A traditional individual retirement account (IRA) is a tax-advantaged investment account that allows taxpayers to set aside a portion of their earnings toward their retirement years. You can deduct qualified contributions to your traditional IRA from your income when you file your income tax return, and the funds in your IRA grow tax-deferred until you choose to withdraw them. You can also move funds from one qualified account into your traditional IRA through a process known as a rollover.

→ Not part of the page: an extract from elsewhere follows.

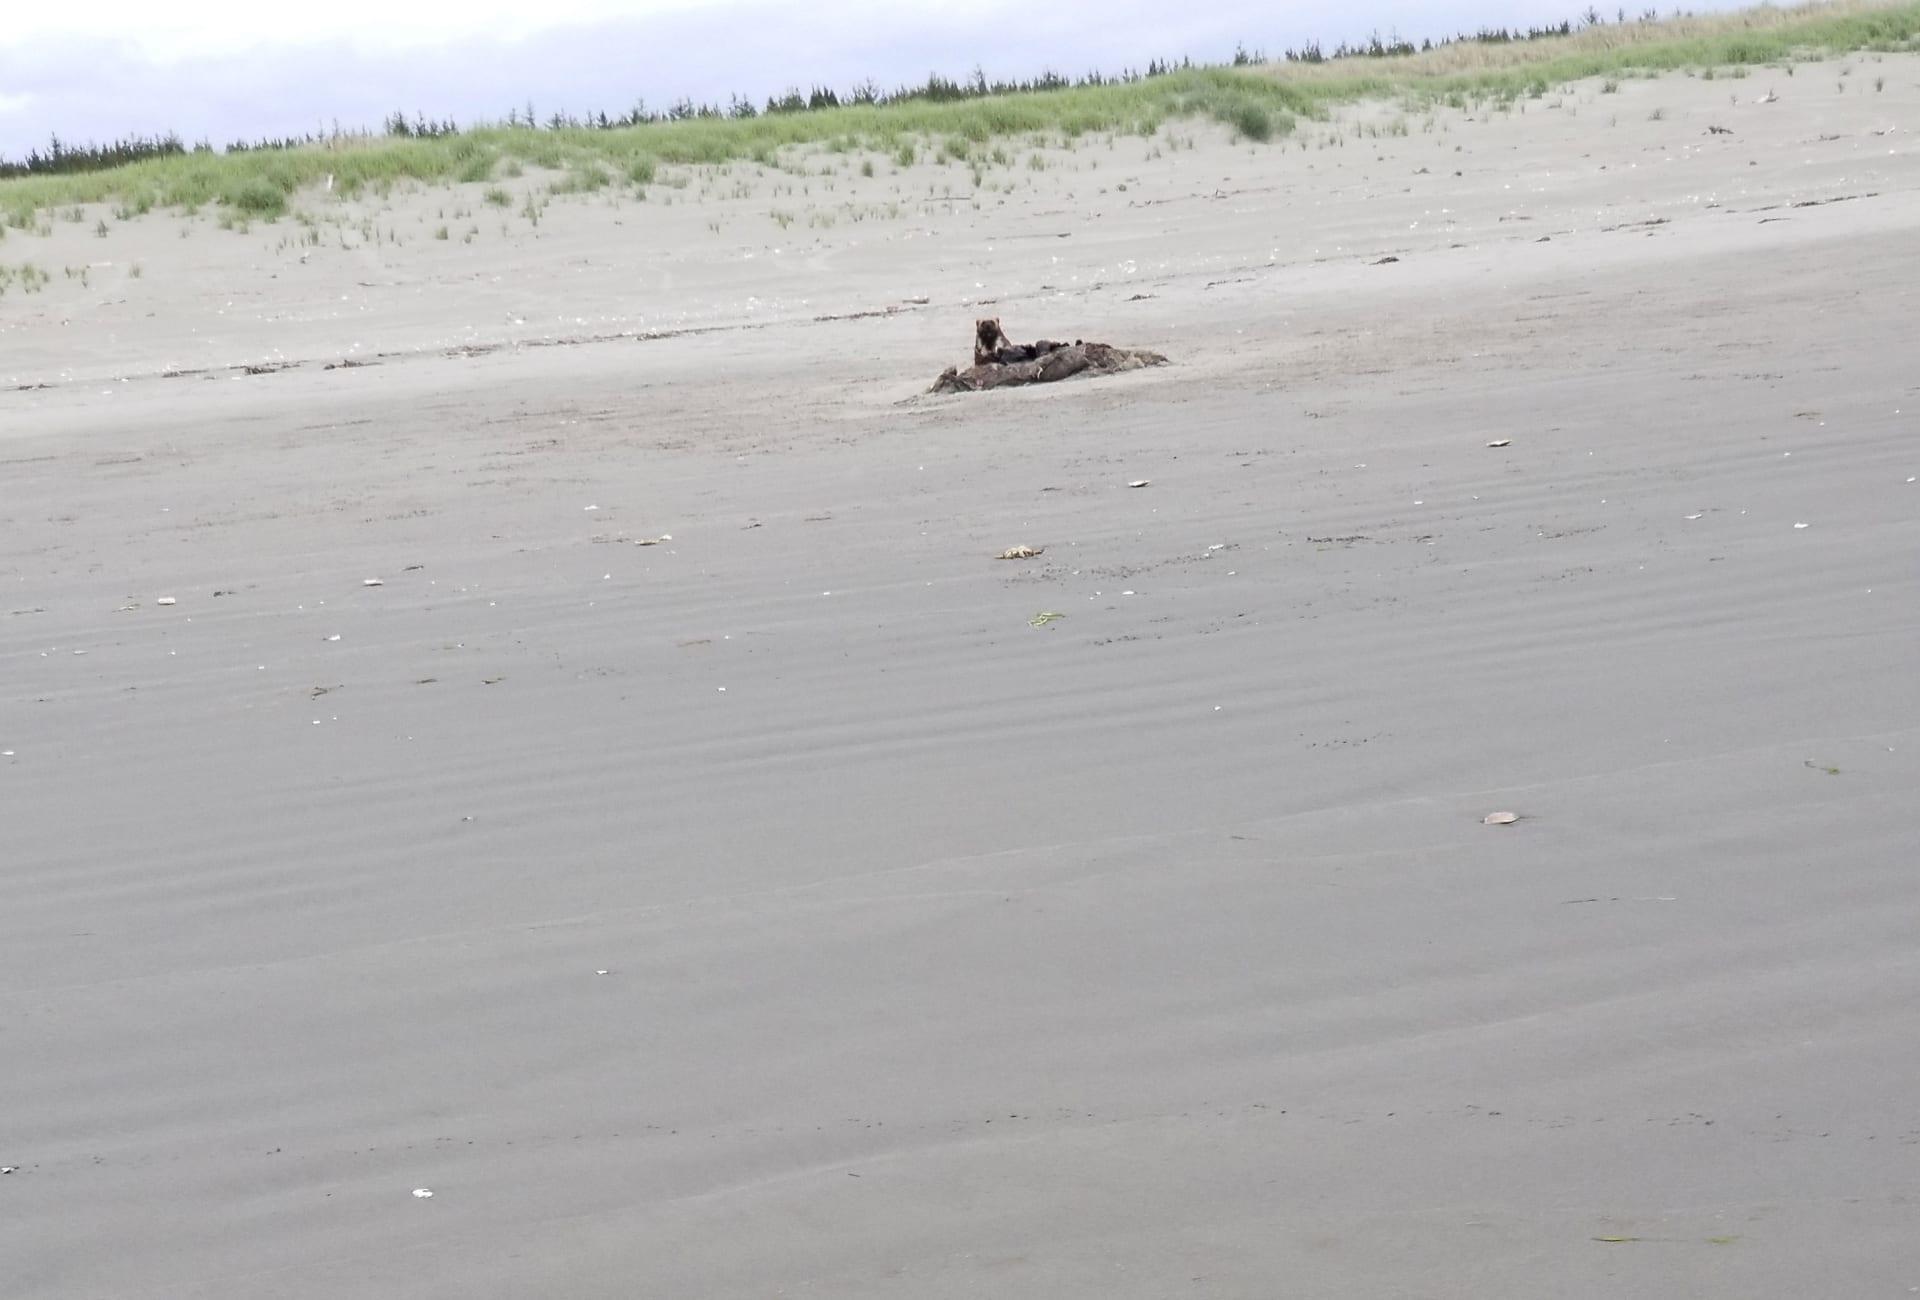 مشاهدة نادرة.. لم يصدق أحد هذه الامرأة عندما قالت إنها رأت هذا الحيوان بشاطئ بأمريكا

A traditional individual retirement account is, by definition, an individual account. It is set up by you and for your benefit. You can make direct contributions to your traditional IRA in the form of money, which is cash or cash equivalents. If you have another qualified retirement plan, such as an employer's qualified pension plan or even another IRA with a different trustee, you can do a trustee-to-trustee transfer. There are no tax consequences to this type of transaction because you never take possession of the funds. If you take possession of funds from a qualified plan you can still move those funds into your IRA without generating a taxable event by doing a rollover.

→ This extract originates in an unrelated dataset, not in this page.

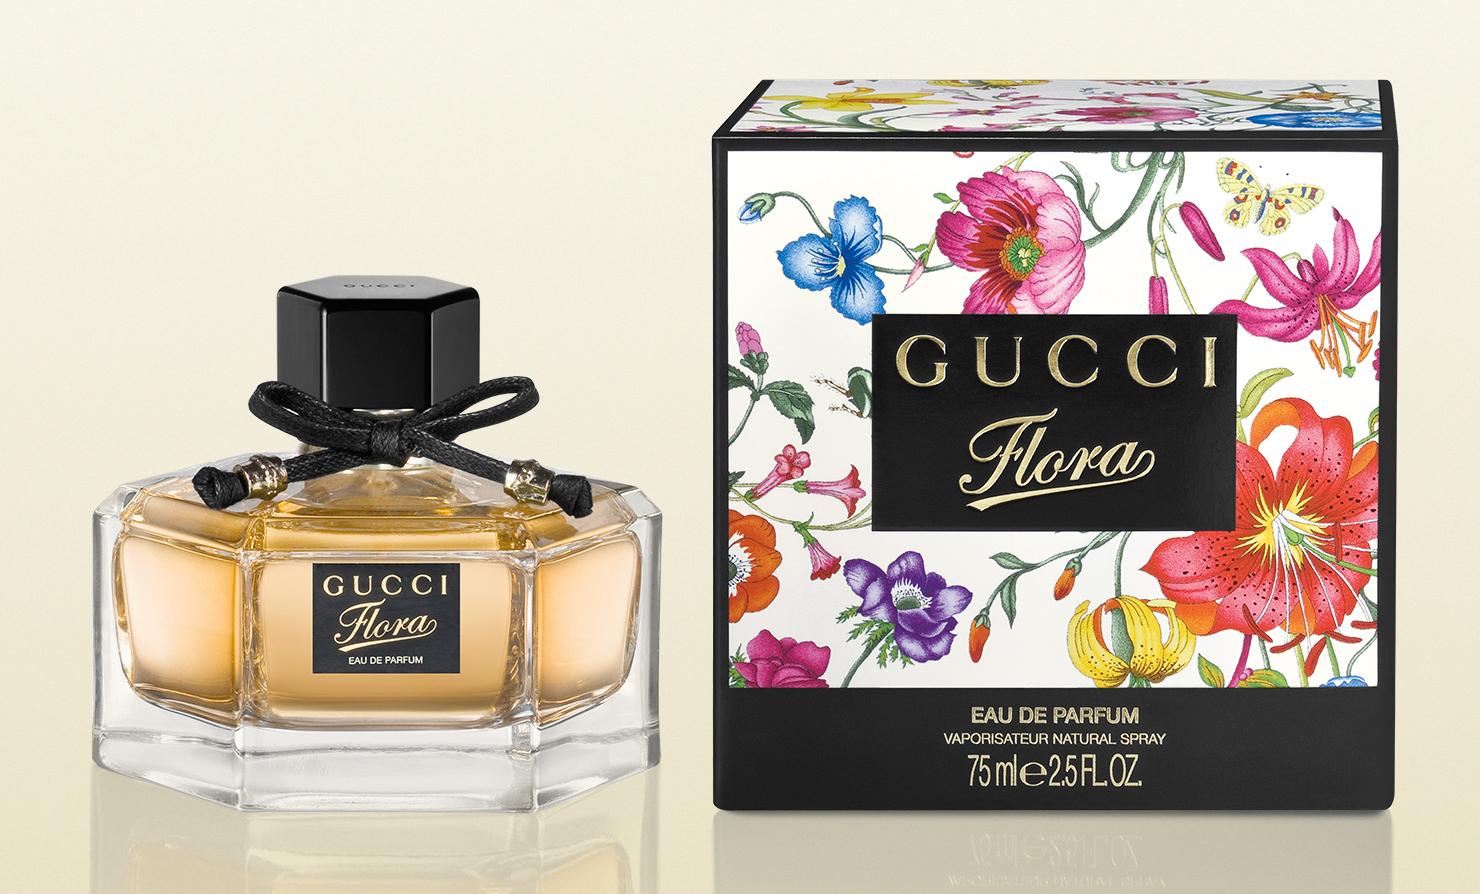 flora by gucci eau de parfum gucci perfume a fragrance. Black Bedroom Furniture Sets. Home Design Ideas

You must complete the rollover of any funds you received from a qualified plan into your traditional IRA within 60 days. If you do not complete the rollover within that time frame any funds you received will be subject to federal income taxes as ordinary income at your then current tax rate. If you are less than 59 1/2 years of age you will also be subject to a tax penalty of 10 percent of the amount received.

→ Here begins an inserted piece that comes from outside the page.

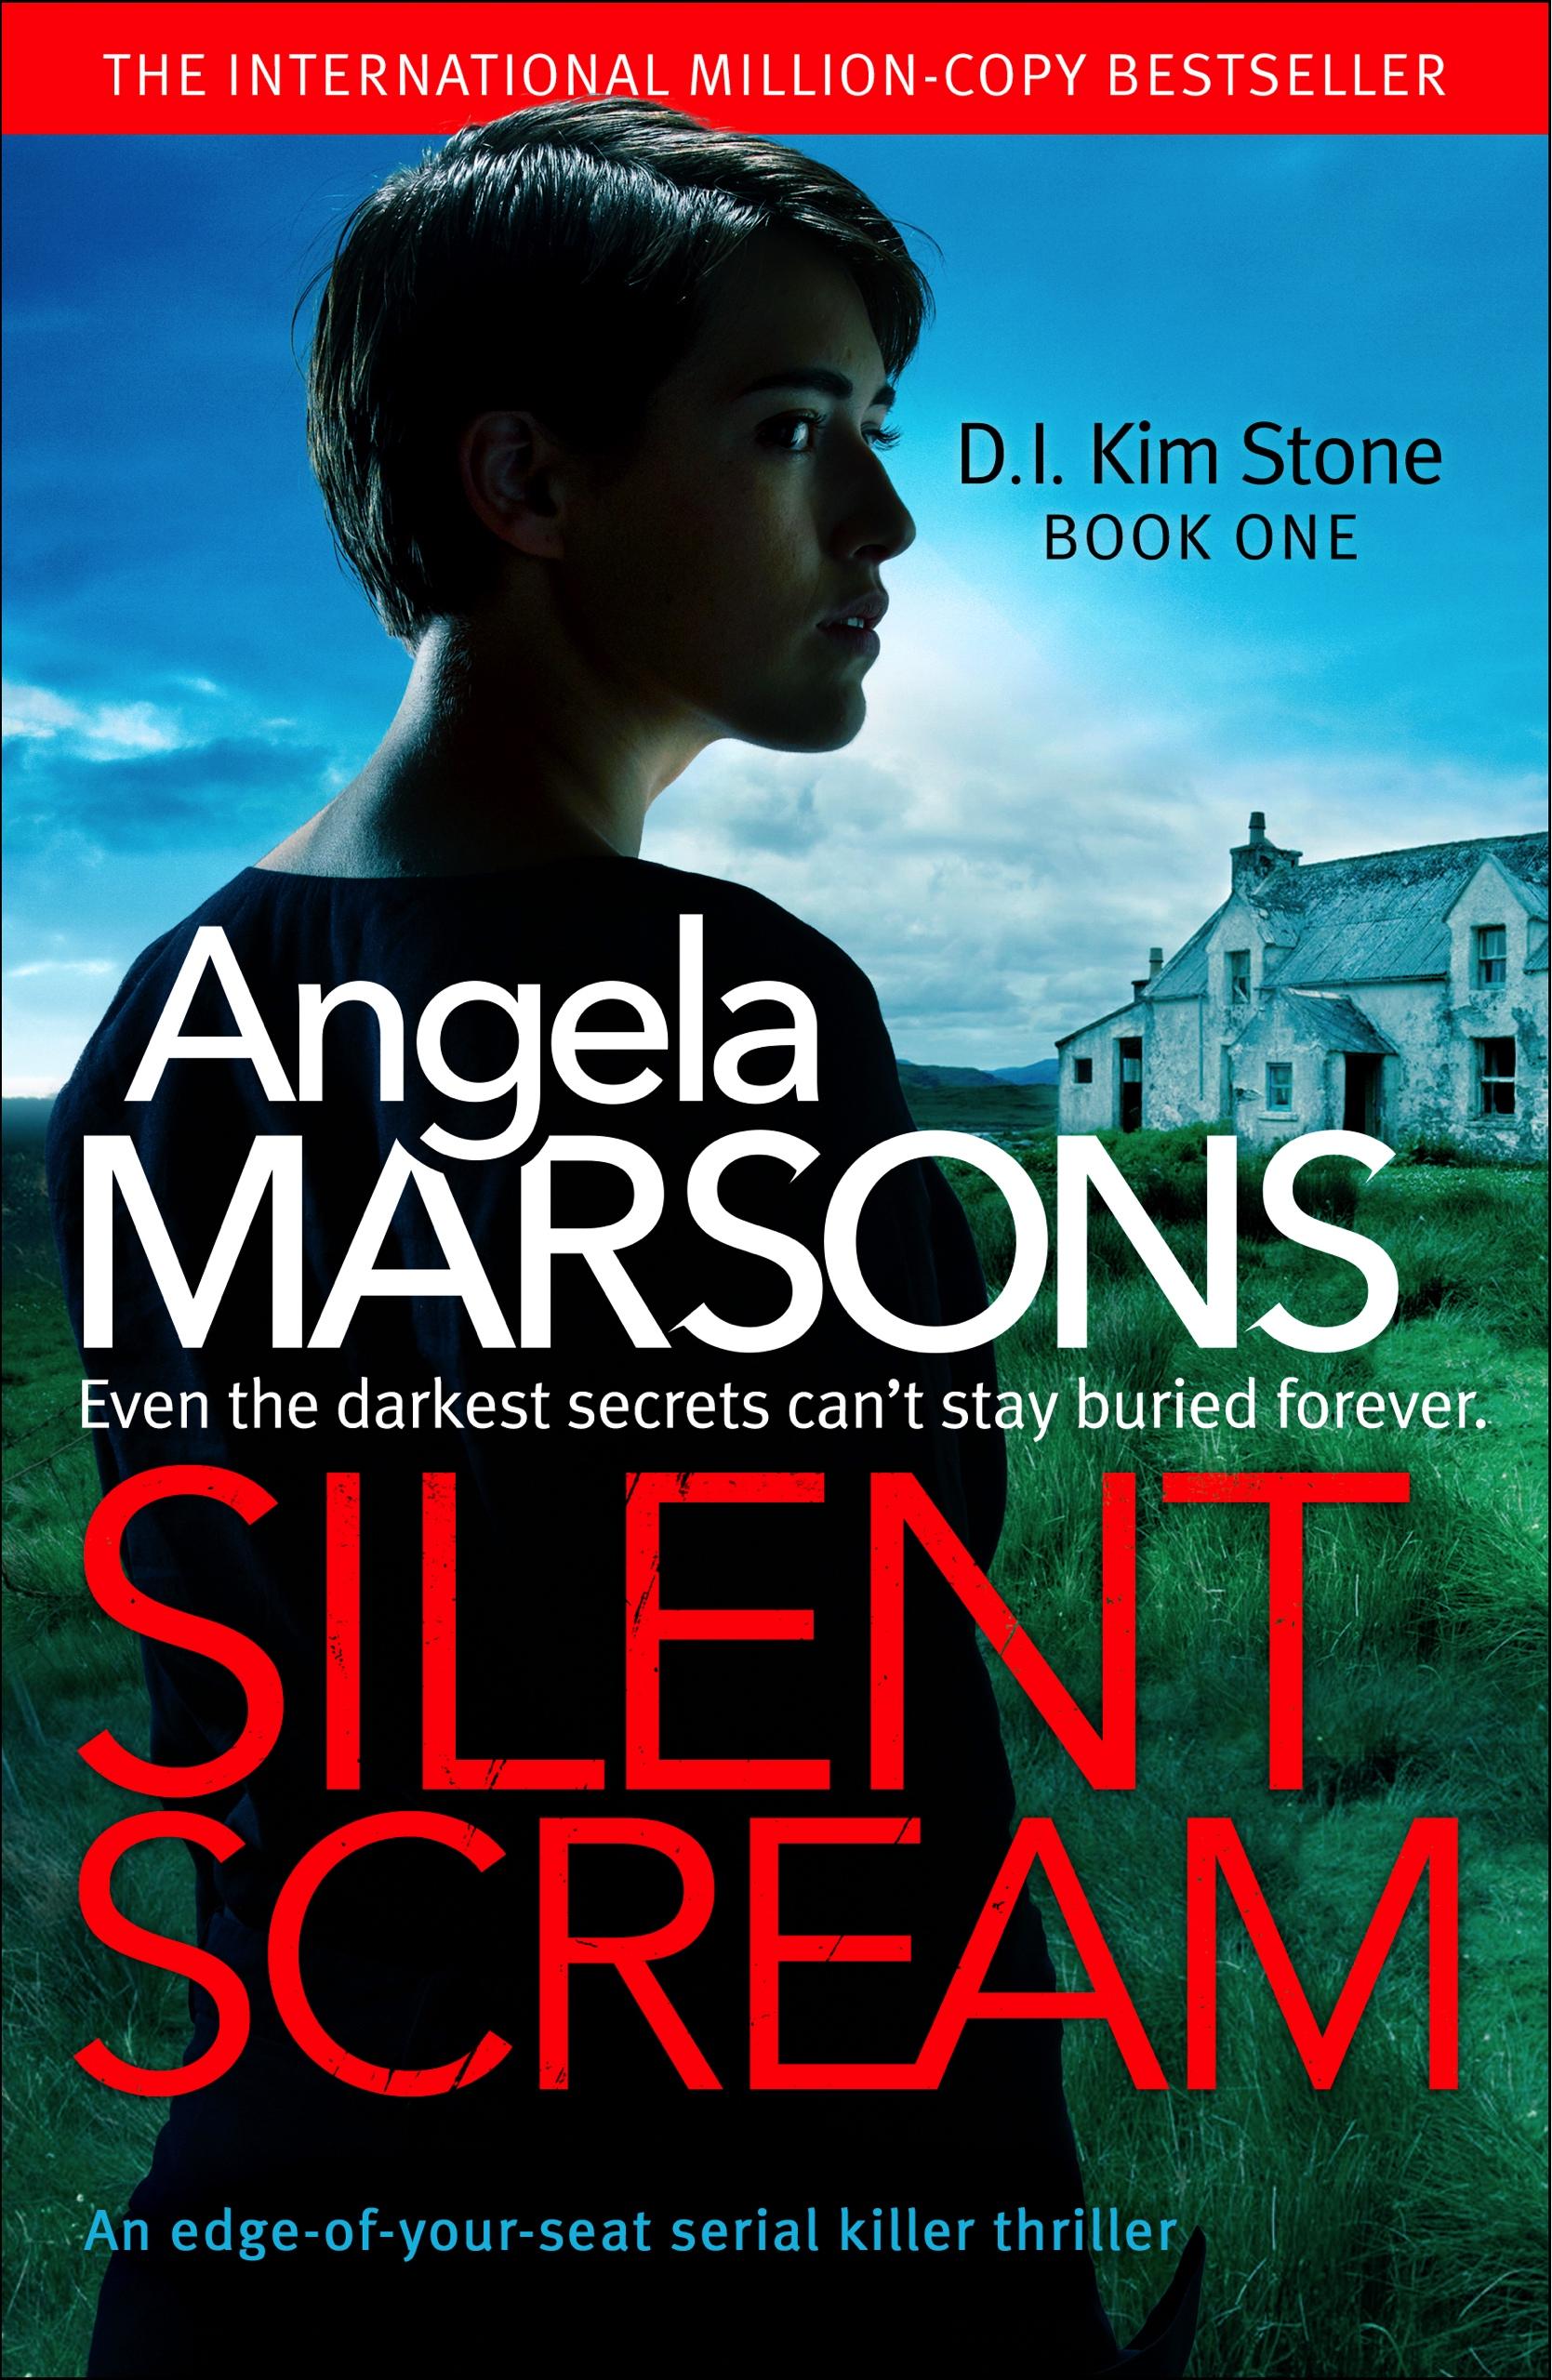 Silent Scream (D.I. Kim Stone, #1)

The Internal Revenue Service refers to a rollover as a tax-free distribution of assets from one qualified retirement plan to another qualified retirement plan. Contributions made to the original qualified retirement plan are typically made with pre-tax dollars, so no tax deduction is available when you roll these funds over into your current traditional IRA.
Qualified plan administrators are required to withhold 20 percent from all eligible rollover distributions for income tax purposes. You can avoid this withholding by electing to do a direct rollover. Instruct your original plan administrator to pay your distribution directly to your IRA. If any part of your distribution is paid to you, the plan administrator must withhold the 20 percent, and the amount withheld is considered taxable income. If you rollover the entire amount you received, you would still be liable for taxes on the 20 percent that was withheld.